The mistake was in saying “Sorry” over tuition fees but even that could have been misconstrued. After all, the people voted democratically for a Leader not to be able to go to University free. Were it to be so, Nick Clegg wouldnt have found himself in coalition. Voters need to realise a whole lot more before the outcome of a General Election is precisely what the electorate wanted.

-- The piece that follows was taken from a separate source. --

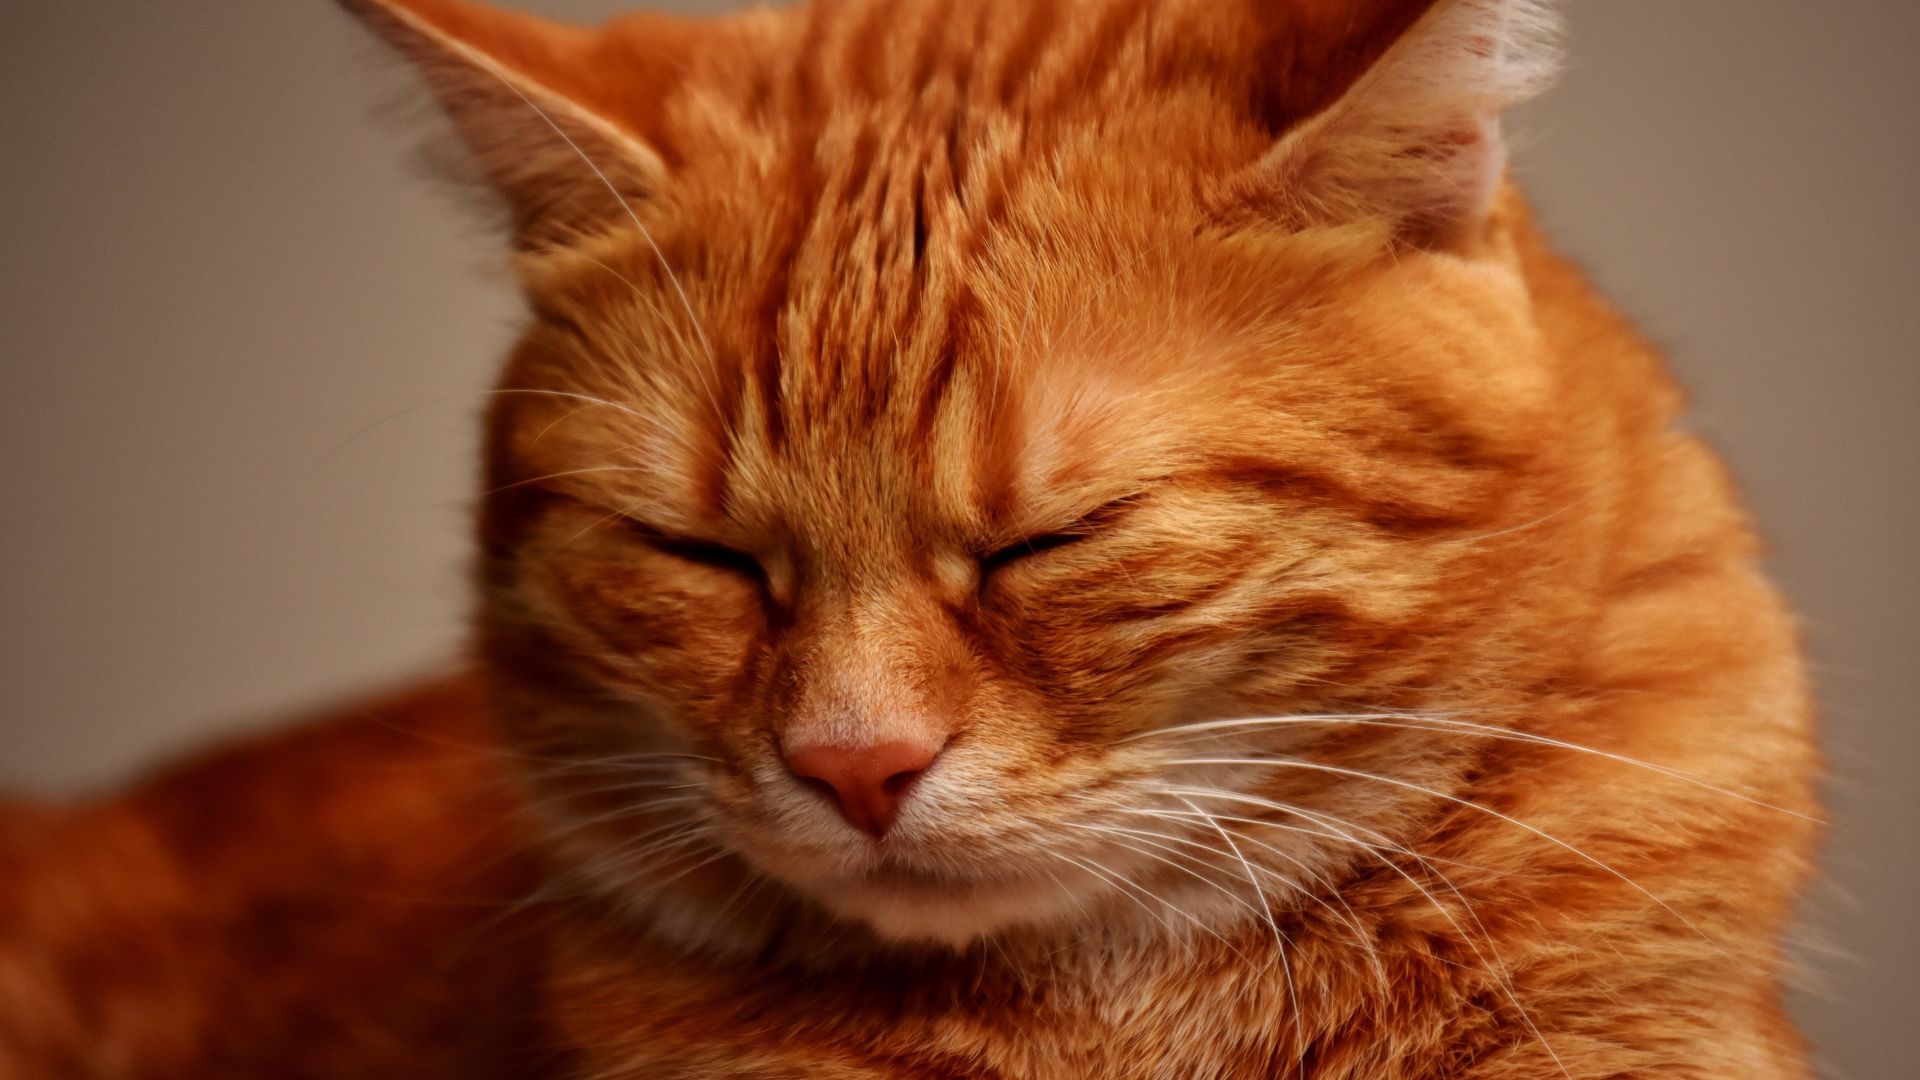 Muzzle, sleepy, orange cat wallpaper, HD image, picture, background, 1b1a82

I think the Party ought to realise the heavy weights in the Party who have been in coalition and remember it in the days to come when speaking to the public. Tell it to them straight because it seems that isnt happening. At least set a target for changing the scene as Nick Clegg did before #GE2010 to balance the effect.
Rob Bane says
A lot of people I discuss politics with really do hate Clegg. I can’t really think of any non-murderous character they hate more.
Andrea Clifton says
Rob, you really have a problem. No wonder there is so much violence in the world. To hate a young family man for having different ideas to you. Well ! Get yourself a hobby or help people who have disabilities.
Rob Bane says
I think it’s likely that in the excitement of the result at last going in favour of a coalition, combined with Brown’s unwillingness to fulfil his constitutional duty to remain in power, the Lib Dems thought that a broken promise on tuition fees would be no bigger deal than Labour’s secret plan to implement tuition fees and certainly not as bad as the botched invasion of Iraq. How wrong they were.